Some functions done in the cloud – like e-commerce and payments – are generally done with IT’s support and co-ordination. This may not be the case for social media like LinkedIn or Twitter, or free sites like Dropbox or Gmail, he said.

In fact, social media and fitbit services may be being used on corporate laptops without IT organization, perhaps even without its knowledge, and is known as shadow IT.

Chris Novak, co-founder and director of the Verizon Investigative Response Unit, told session attendees there are private, public and hybrid clouds. “The biggest difference between the private and the public, as the name may suggest, is the public cloud generally is shared. So your systems, your data, whatever it is that you’re putting in the cloud, it’s going to be on the same infrastructure, systems, using the same applications as other people,” Novak explained.

“On the private cloud side of things, essentially it’s dedicated to a specific individual organization,” he said, while the hybrid cloud is a mixture of the two.

“The scariest concern is the shadow IT,” Novak suggested.

Staff – perhaps working on a project and unable to wait for IT – can easily buy cloud computing and cloud storage, he pointed out. “In the meantime, nobody from IT knows that we now have a hundred servers located on the other side of the country with all sorts of sensitive data that we uploaded to it,” Novak said. “So all of a sudden, you have lots of significant concerns around governance risk compliance around that type of data that might live on the system,” he noted.

“What’s really driven the recent demand in the market is not the financially motivated theft of a credit card for exploitation later,” Gow told attendees.

The Sony Pictures and Ashley Madison attacks “are deeply personal, are made to make the target company look bad,” he suggested. In such cases, “perpetrators break into a network, establish a beachhead and do all they possibly can to take the company down,” including deleting databases and their back-ups, and taking online operations offline, he said.

Noting that global boards are under increased scrutiny to control cyber exposures to their whole organization, such attacks have spurred an “increase in market take-up as well as a huge increase in limits purchased,” Gow reported.

Cloud use is “going to continue to grow,” he said. The investment for cloud technology “is anticipated to be six times higher than the average IT spend in the next five years,” he told attendees.

Cloud use, though, “is something that IT and risk management need to sort out, if only to get the rules of the road together for employees to understand and manage their own provisioning of cloud and the shadow IT,” Gow argued.

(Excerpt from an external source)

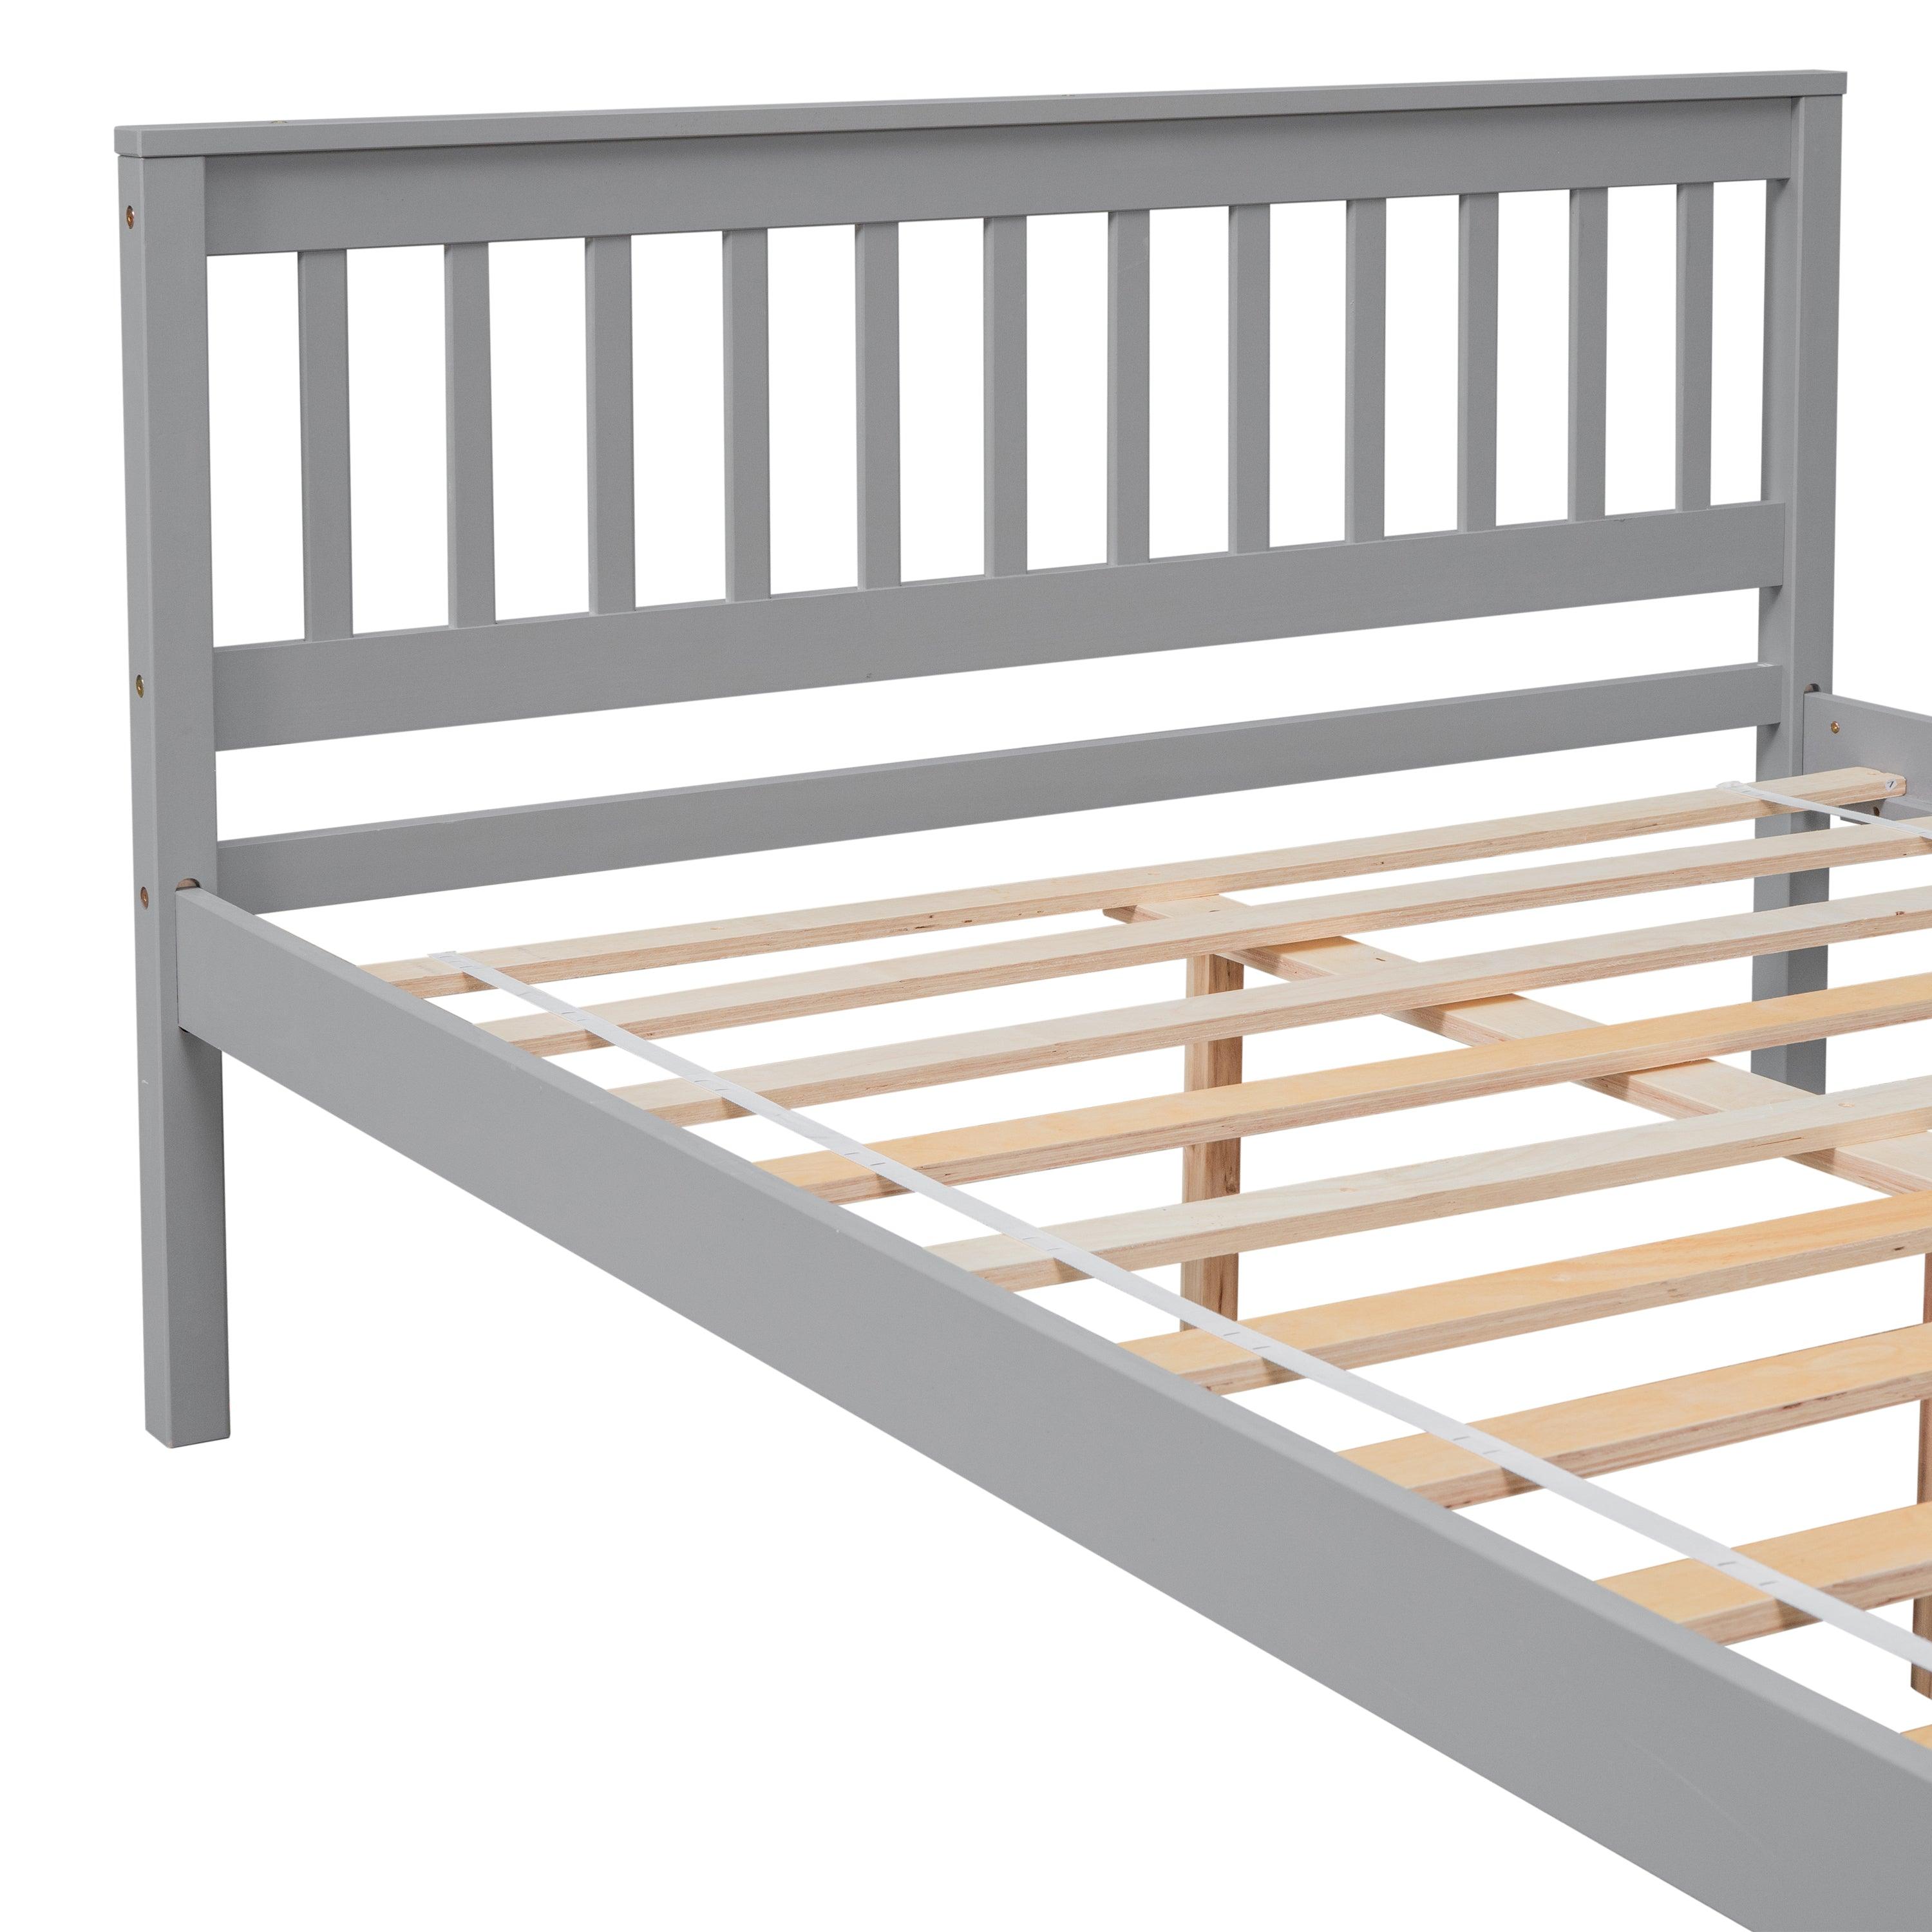 Full Bed With Headboard, Footboard And Nightstand For Kids, Teens, & Adults, Grey

“We haven’t really seen a lot of big cloud-based breaches,” Novak said. “Most of what we’ve seen on the cloud side has really been the same breaches we’ve seen of systems anywhere else in our own organizations and across the globe.”

A big piece of that may be that when provisioned in a formal way, “you have some kind of due diligence process that everybody uses to determine whether or not that provider meets their requirements,” he suggested.

Another factor may be “the cost savings that a lot of organizations benefit from allows them to implement additional security components or features in that cloud environment,” Novak added.

“From a risk management perspective, cloud use is neither good nor bad; it’s kind of agnostic,” Gow suggested to attendees. “A good quality, professional cloud can provide a much more secure robust environment than most companies can manage to do themselves. But if your company or your employees are putting corporate data in a bargain-basement cloud,” he cautioned, “they are opening up your organization to considerable problems.”